> **TRY IT**
Nothing but the lines below from the one with "Bones Servold 56" through the one with "Dreier Etagenbett Erwachsene" should be output, each exactly as given, and no pictures.
====== GIVEN RECORDS
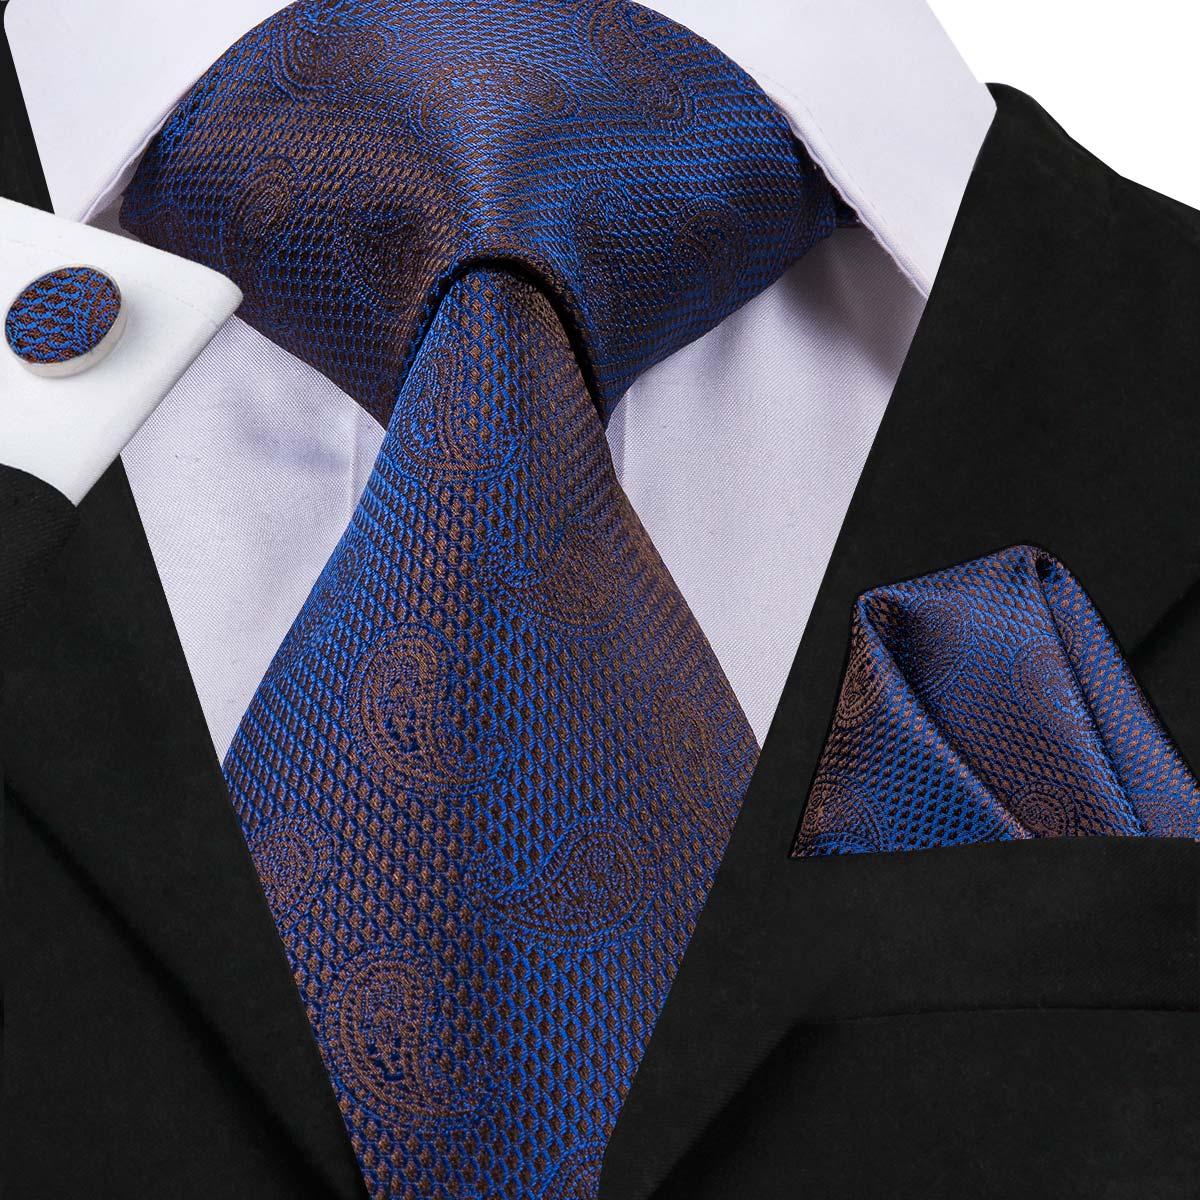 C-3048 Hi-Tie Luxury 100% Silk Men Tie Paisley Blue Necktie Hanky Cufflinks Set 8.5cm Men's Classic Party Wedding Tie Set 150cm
============
====== GIVEN RECORDS
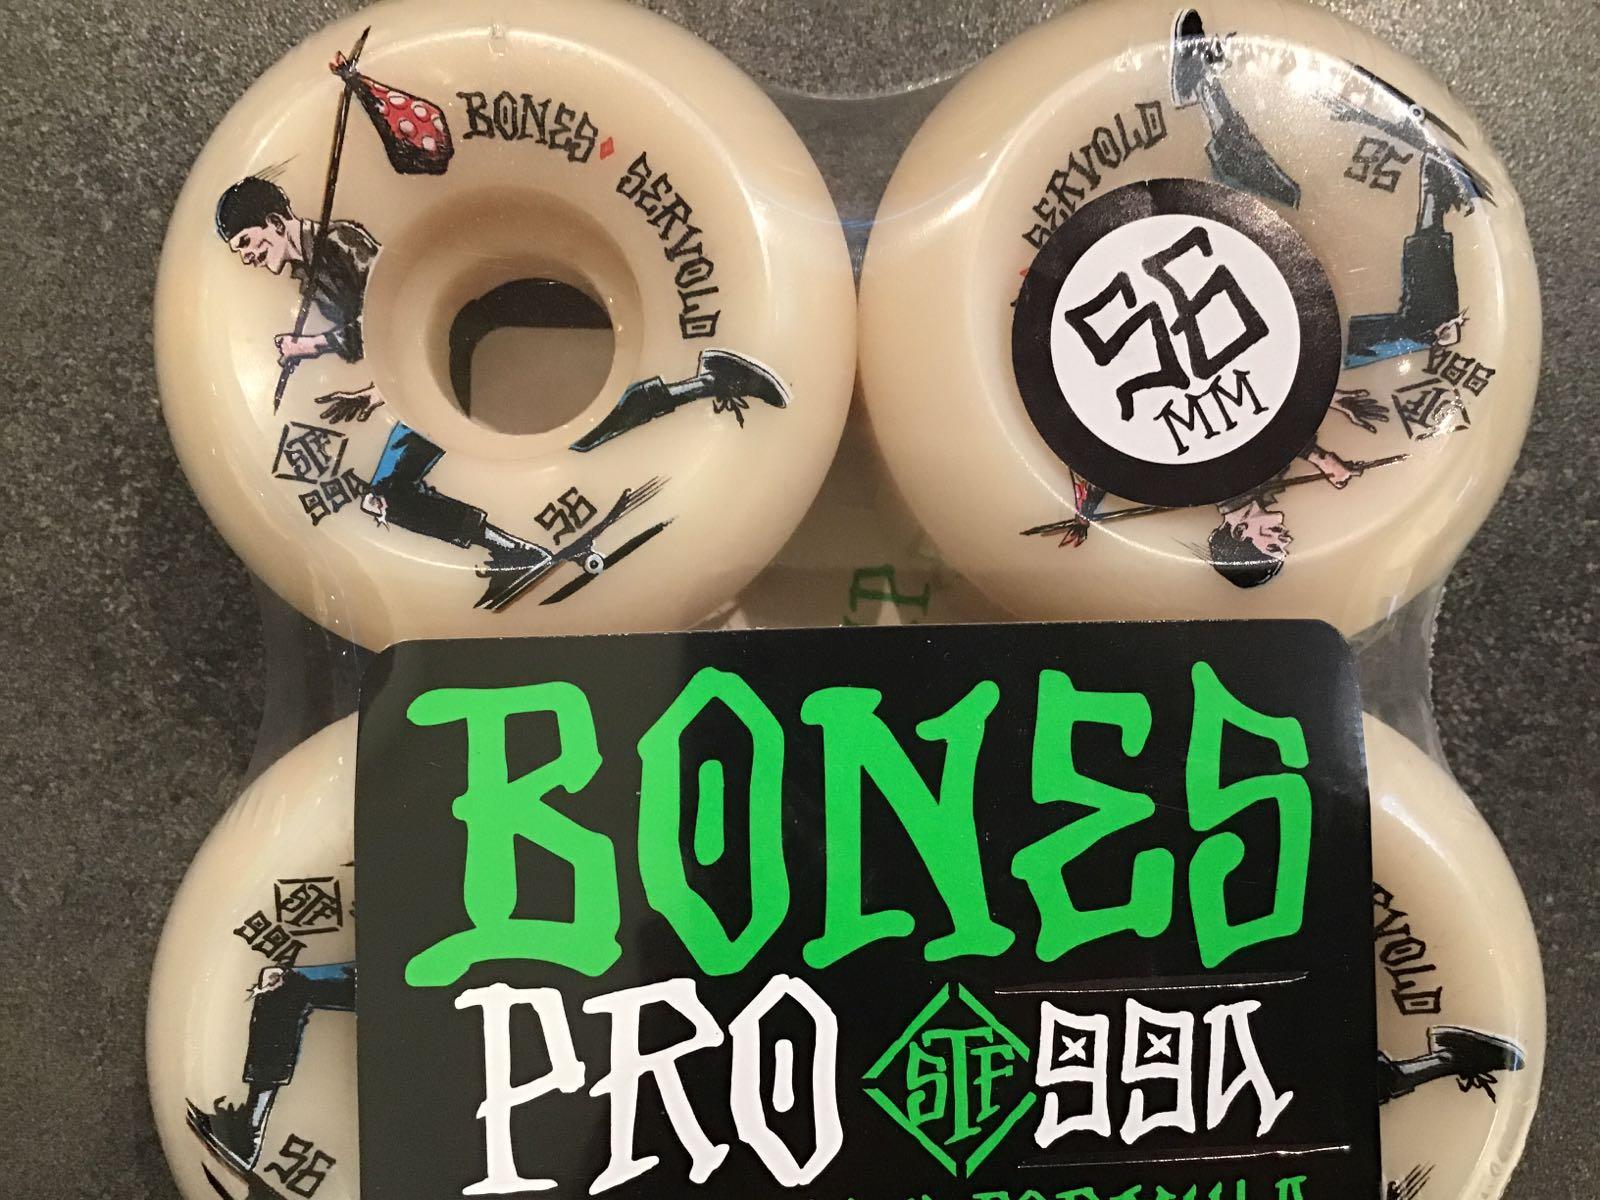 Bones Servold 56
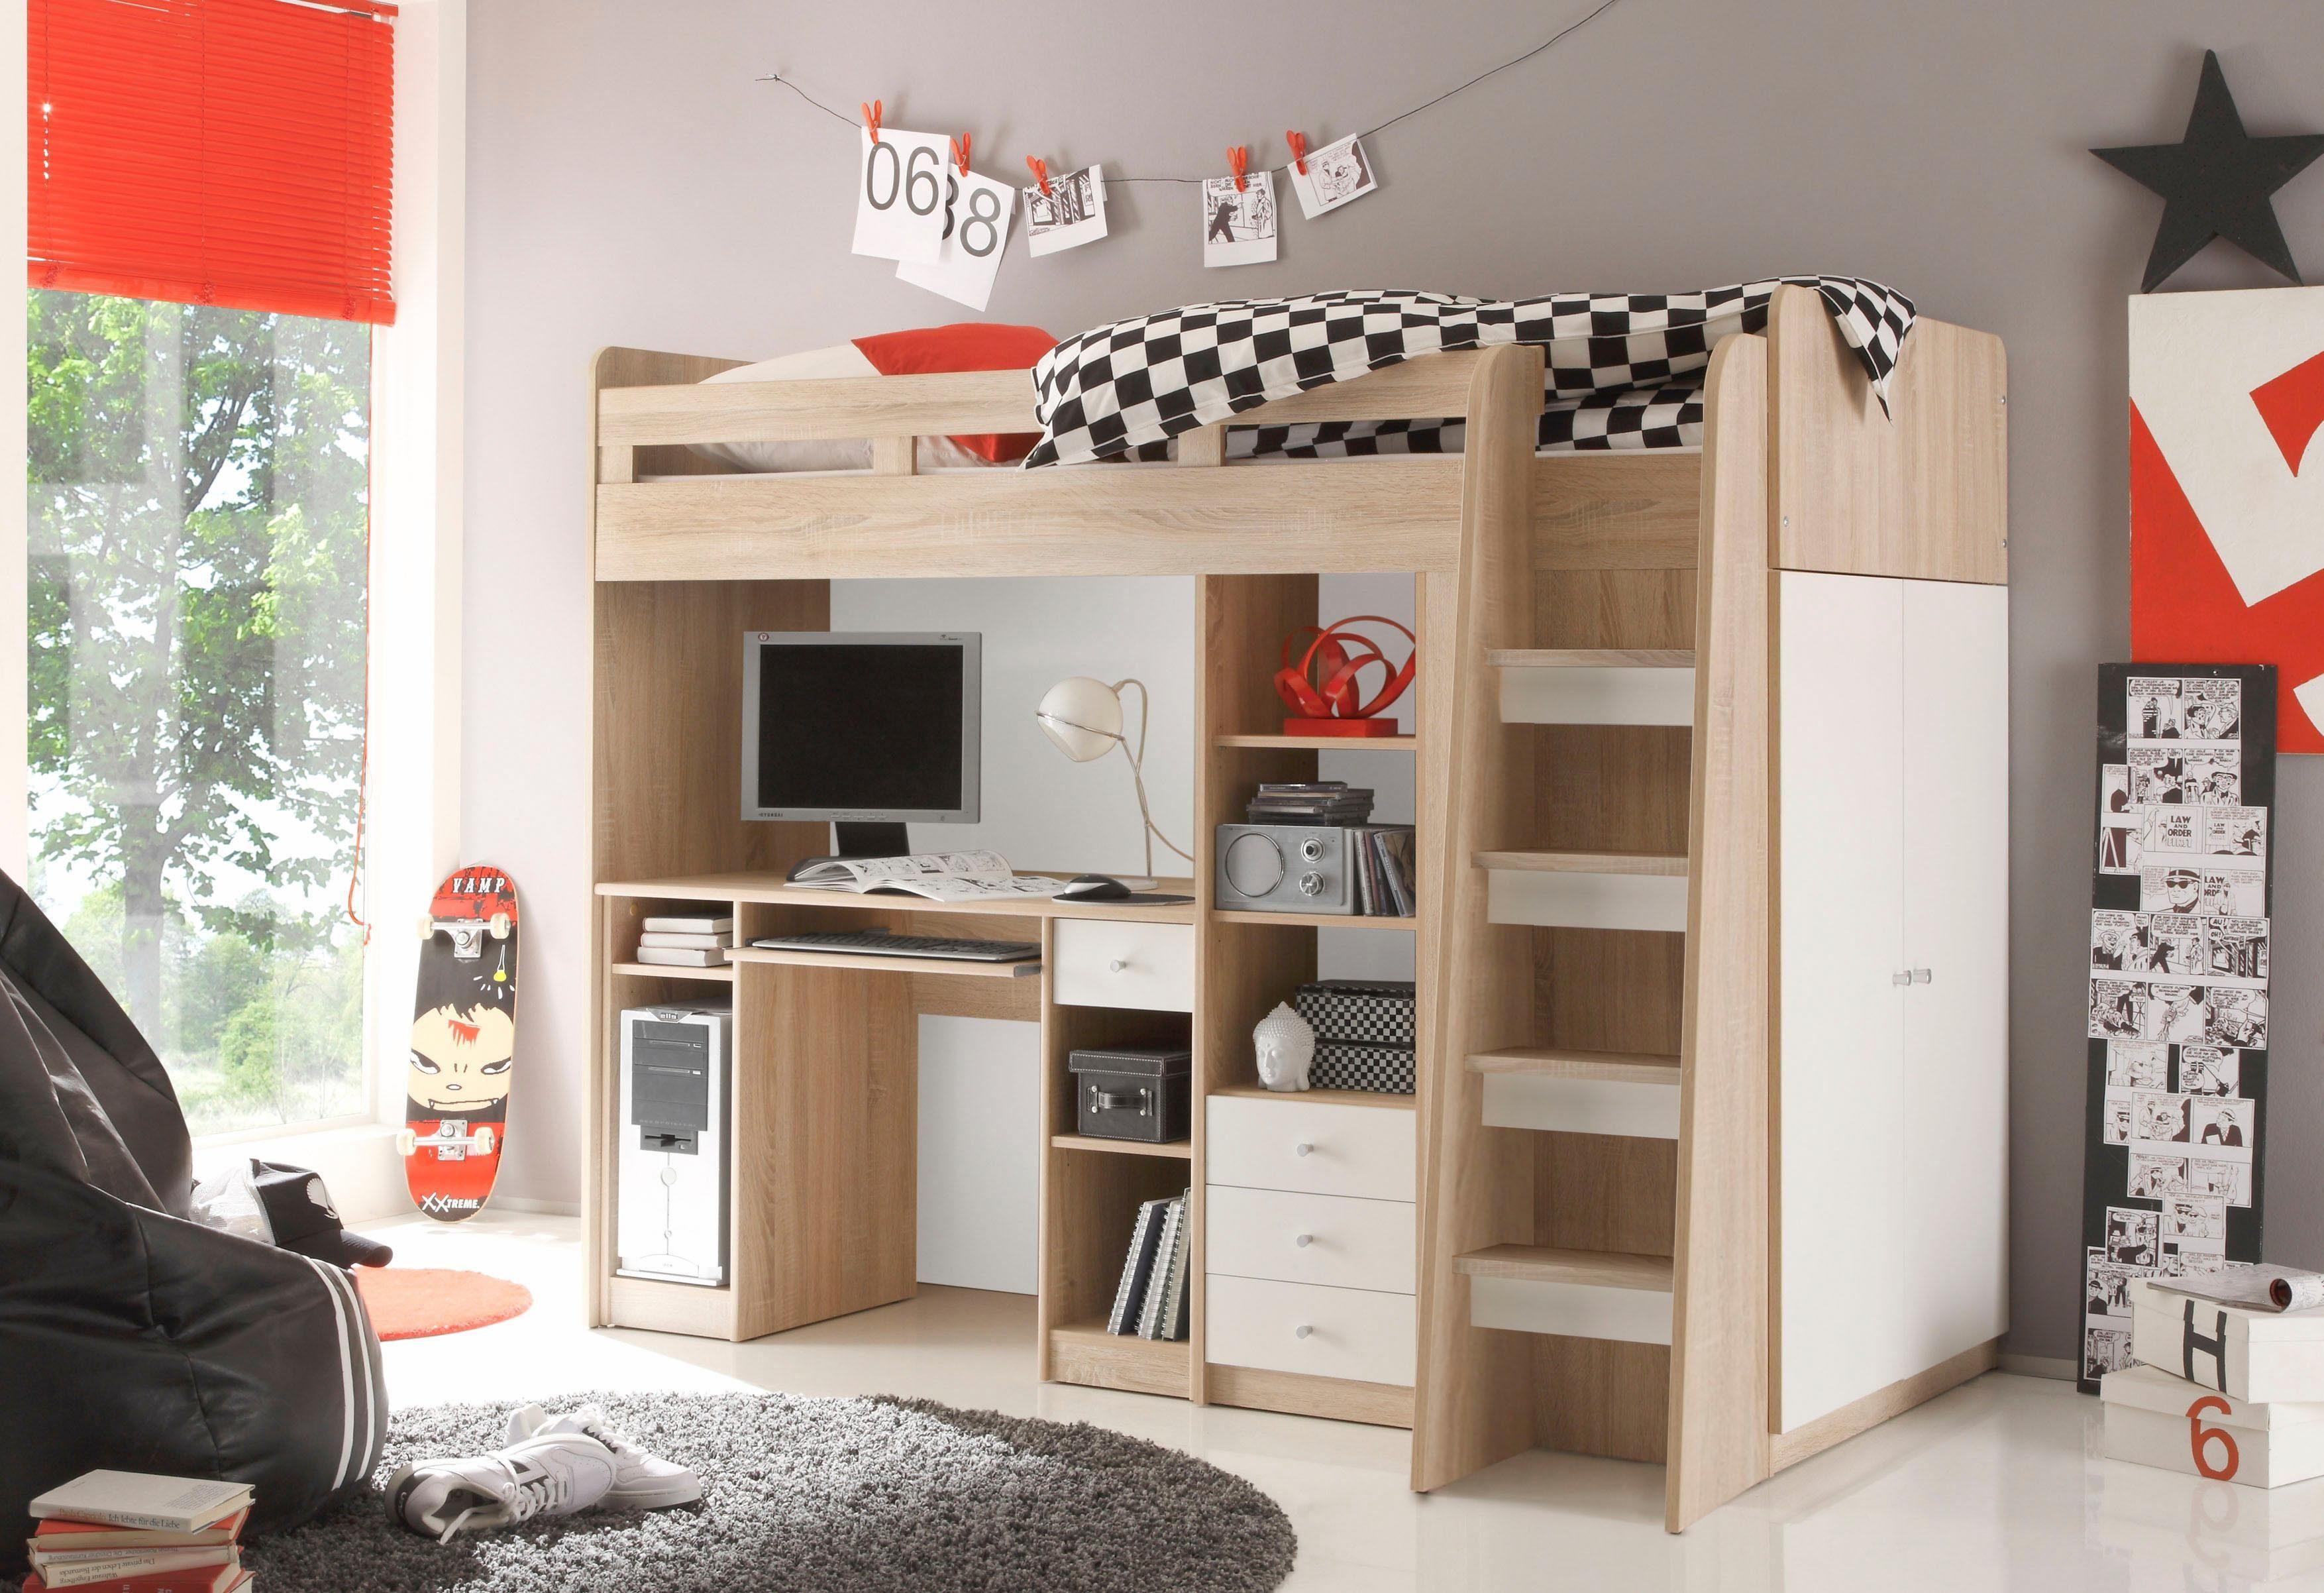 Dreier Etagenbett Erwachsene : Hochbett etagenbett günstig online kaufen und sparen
============
====== GIVEN RECORDS
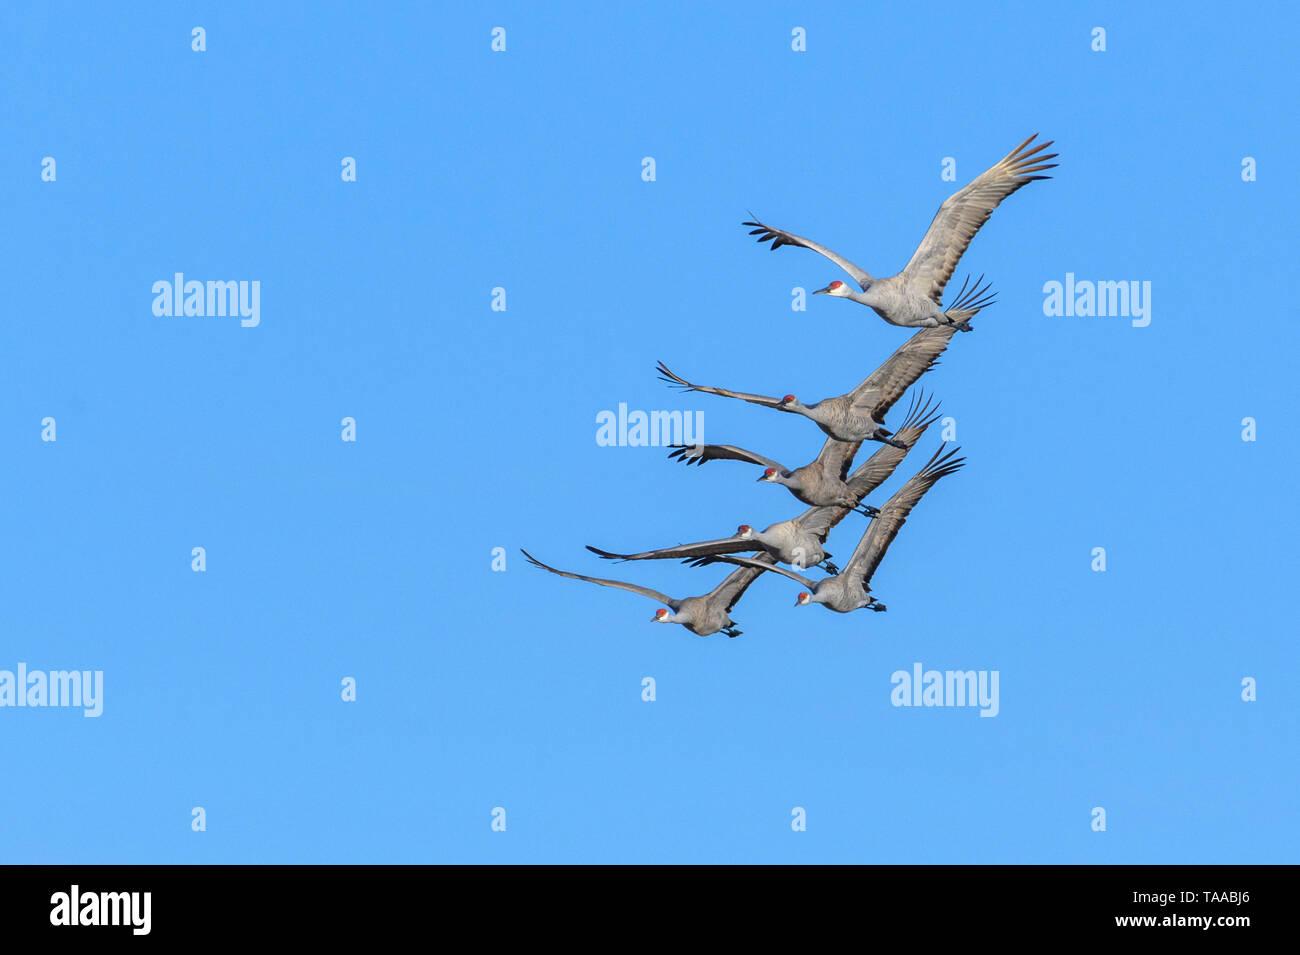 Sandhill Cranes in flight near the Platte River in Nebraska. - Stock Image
============
> **WRITTEN SOLUTION**
 Bones Servold 56
 Dreier Etagenbett Erwachsene : Hochbett etagenbett günstig online kaufen und sparen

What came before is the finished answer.